The functional and immunological profiling of IL-6 and PNP revealed a nuanced, collaborative role. While both genes co-activated a central inflammatory axis, their correlation patterns with immune cell subsets and single-cell expression localization indicated functional collaboration. IL-6, primarily induced in endothelial cells and myeloid lineages, appears to function as a master regulator of the inflammatory milieu, balancing pro-inflammatory and regulatory signals [16,17]. In contrast, PNP, constitutively expressed across diverse cell types and further upregulated post-reperfusion, likely supports the heightened metabolic demand and fine-tunes specific effector immune responses, particularly those involving Th17 cells and pDCs. This dual-target paradigm suggests that a therapeutic strategy simultaneously modulating both inflammatory signaling and purinergic metabolism may be more effective than targeting either axis alone [18].
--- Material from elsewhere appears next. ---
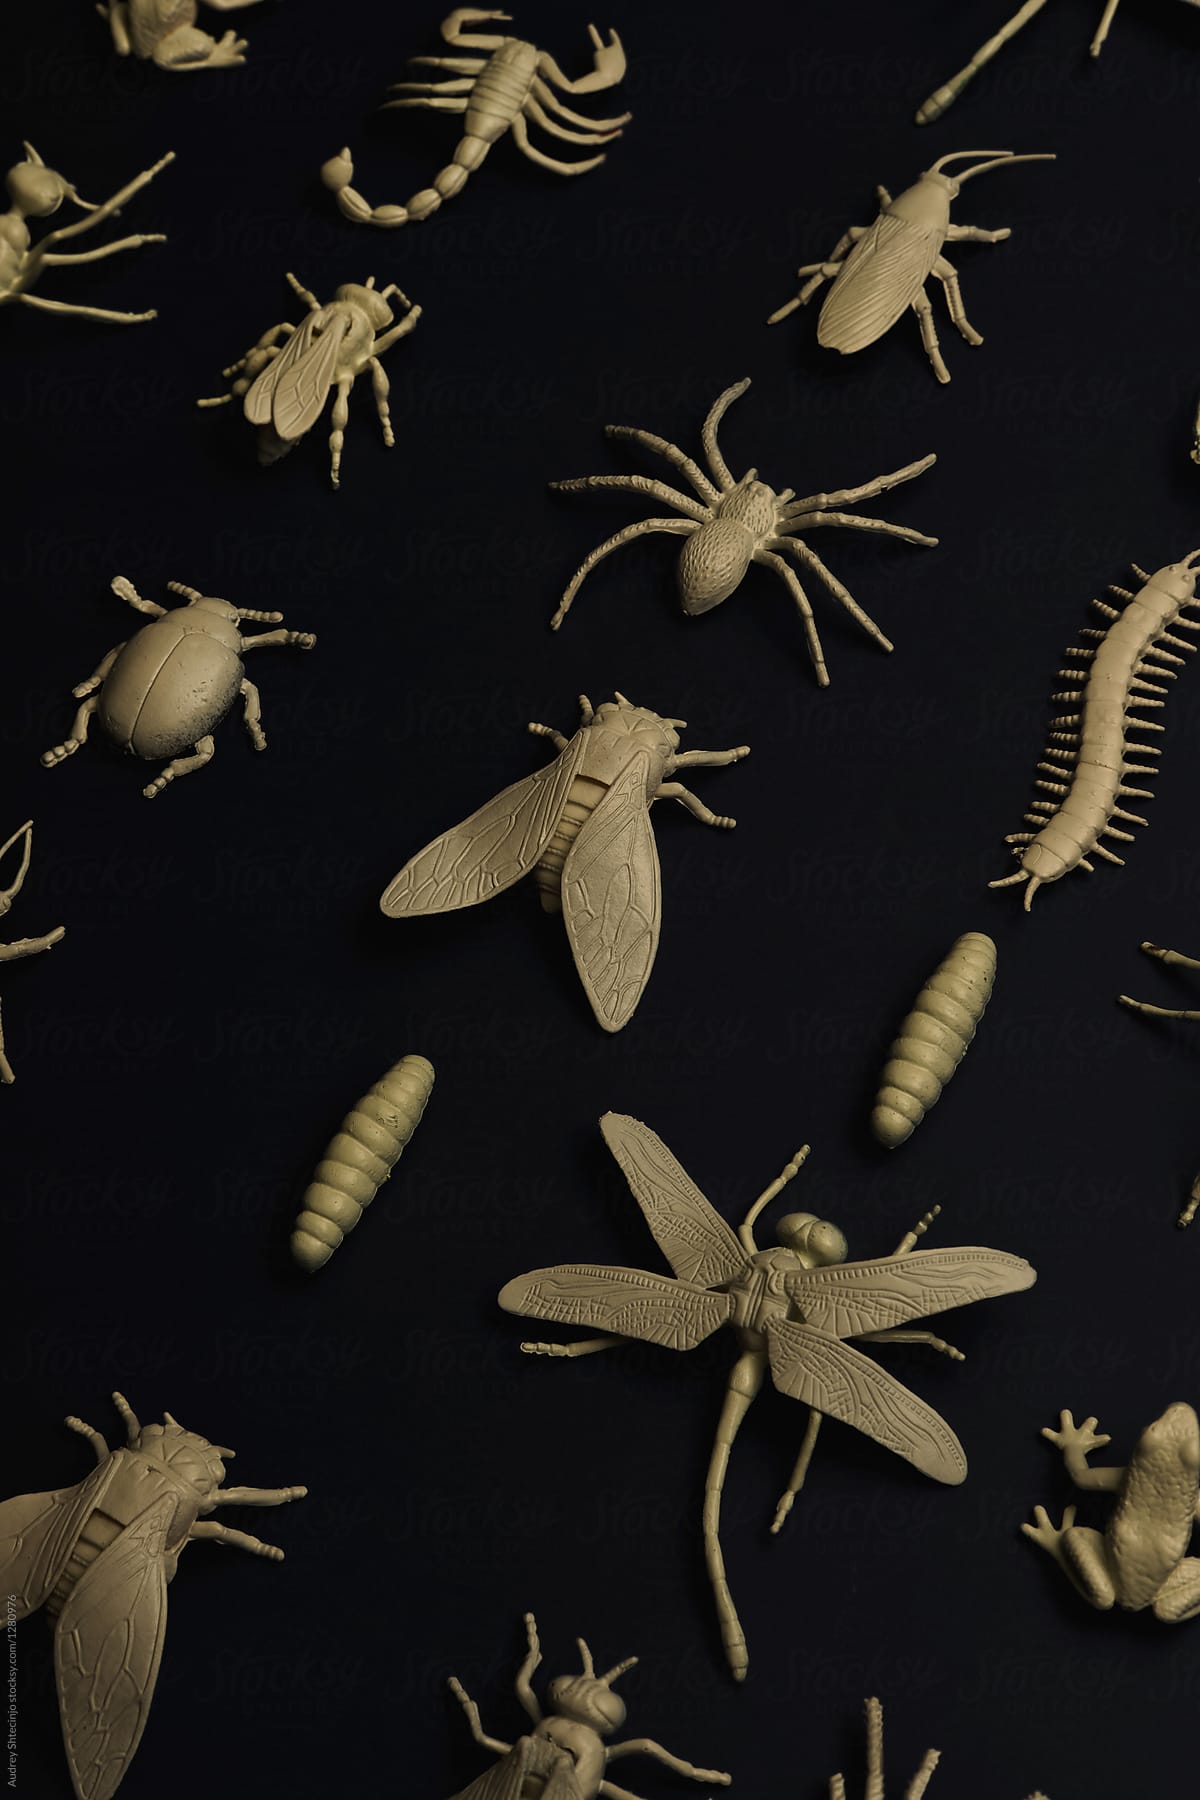 Insectorium/collection of bugs/insects.

The computational studies provided a robust structural rationale for barbaloin’s interaction with both IL-6 and PNP. The stable binding poses and favorable dynamics simulations suggest these are not merely theoretical targets but are plausibly engaged by the compound. In vivo validation confirmed the significant upregulation of IL-6 and PNP in LIRI mouse models. Mechanistically, barbaloin protected bronchial epithelial cells from OGD/R injury by modulating the IL-6/PNP axis. By curbing IL-6-mediated inflammatory signaling and PNP-driven purine catabolism, barbaloin effectively attenuated ROS production [19,20,21]. This reduction in oxidative stress subsequently inhibited the NF-κB/NLRP3 inflammasome pathway, thereby preserving cellular integrity [22].
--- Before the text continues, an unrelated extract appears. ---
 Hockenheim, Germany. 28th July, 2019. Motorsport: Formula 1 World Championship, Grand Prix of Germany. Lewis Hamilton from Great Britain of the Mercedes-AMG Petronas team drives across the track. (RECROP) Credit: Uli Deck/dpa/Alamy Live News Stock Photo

The favorable ADMET and drug-likeness profile of barbaloin, particularly its high intestinal absorption and low CYP450 interaction potential, supports its feasibility for further development. However, the predicted alerts for hepatotoxicity (DILI) and mutagenicity necessitate careful preclinical toxicological evaluation. Strategies such as structural modification or formulation development could be explored to mitigate these risks while preserving efficacy [23,24].

4. Materials and Methods

4.1. Integrated Bulk Transcriptomic Analysis

This study integrated transcriptomic data from two independent datasets on human lung transplantation (GSE127004 with 46 sample pairs and GSE145989 with 67 sample pairs) [25,26]. All samples were derived from peripheral lung biopsies, collected both at the end of cold ischemia and after 1-2 hours of reperfusion, forming a total of 113 matched pairs. After merging the datasets, batch effect correction and normalization were applied.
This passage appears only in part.